The enemy here was cloudiness in the fluid. Had there had been any sign of that, red flags of danger would have sprung up in my head, and I would have instantly alerted her to the seriousness of the situation. You see, cloudy peritoneal solution is the first sign of infection. And for a diabetic with non-functioning kidneys, an infection, no matter how small, can become a very serious problem. That was why I studied the solution so intently, and that is why by running my hand beneath the bag and making sure I could see even intricate details like my fingerprints, I was able to breathe a sigh of relief during this transfer of peritoneal solution, as it remained crystal clear.
From this moment on, and as often as I could, 4 times per day I would ‘assume the position’ as we called it, by taking my place at her feet and watching the used fluid drain into the bag. As we found out, this became an incredibly effective way to see cloudy drain fluid, and although rare, when the solution exhibited even the least bit of cloudiness, antibiotics could be administered and at no time was Karen ever adversely affected by a rampant infection.
After a few weeks of doing exchanges, she began to literally tune in to her body’s need. If she had an active day, she had less fluid in her system, so the 1.5% was the best choice. For special occasions and holidays, which invariably meant a higher liquid consumption, she would typically use a 3.5% solution.
From that first moment on, we always carried a dialysis emergency ‘kit’ inside the trunk of our car. This consisted of 4 transfer tubes, 2 of each kind of solution, several pairs of rubber gloves, a clean folded sheet, and a couple cans of spray disinfectant hand cleaner as well as a bottle of Isopropyl alcohol. In this way and no matter where we were, if the need arose, she was always able to do an exchange at a moments notice.
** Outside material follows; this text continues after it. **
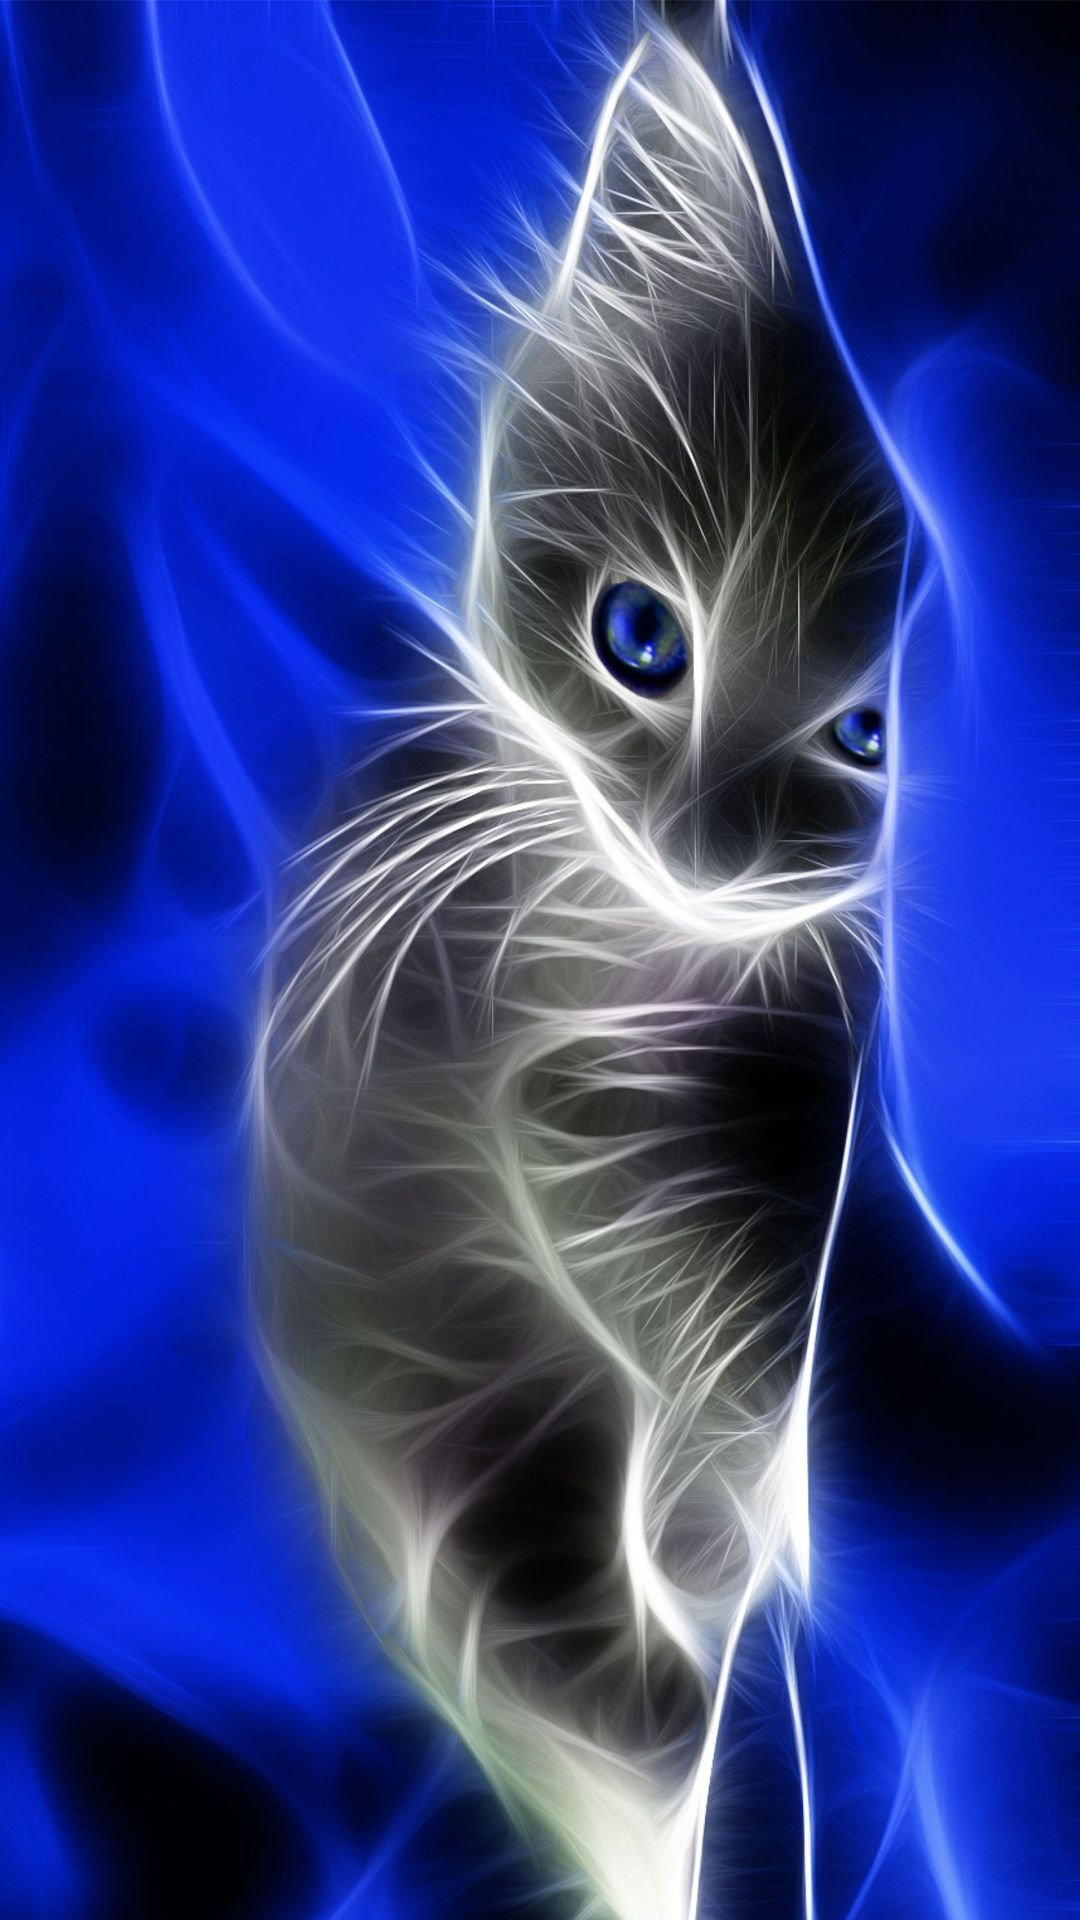 Iphone Wallpaper Cute High Resolution Freetemplate Xyz Cute Animals Cats Animals

As we found out, PD was certainly annoying, but it never became such a hindrance that we stopped doing the things we loved. We were still able to go camping, hiking, fishing and all of the other outdoor activities that she so much enjoyed, as long as Karen was able to do exchanges on a regular basis.
During tent camping, we always informed the ranger on site about Karen’s dialysis, just in case there was an emergency. Although usually limiting our time to 3 or 4 days, a few times we tent camping for as long as a week, making sure to bring plenty of solution, gloves, transfer sets, a fold up chair to allow gravity to drain the solution, and everything else we needed.
Our biggest concern was keeping the area sterile, and this was absolutely critical, particularly in an out of doors scenario, which is anything but. For these excursions we always brought along several bleached white sheets with us, spreading one on the floor before every exchange, then spraying over the top with an antibacterial spray as a precaution.
We would go to the local laundromat and wash these sheets a couple times during that week, and in this way, the sheets always remained clean and usable. Doing this consistently, taking the time to set up and make sure everything was clean and sterile when out of doors, made sure her dialysis always went off without a hitch.
From then on, that was the life that Karen and I led. Since we were married and partners, I did the best I could do to share that life and do everything I could to make sure that her life continued to be a part of my life, no matter what it entailed.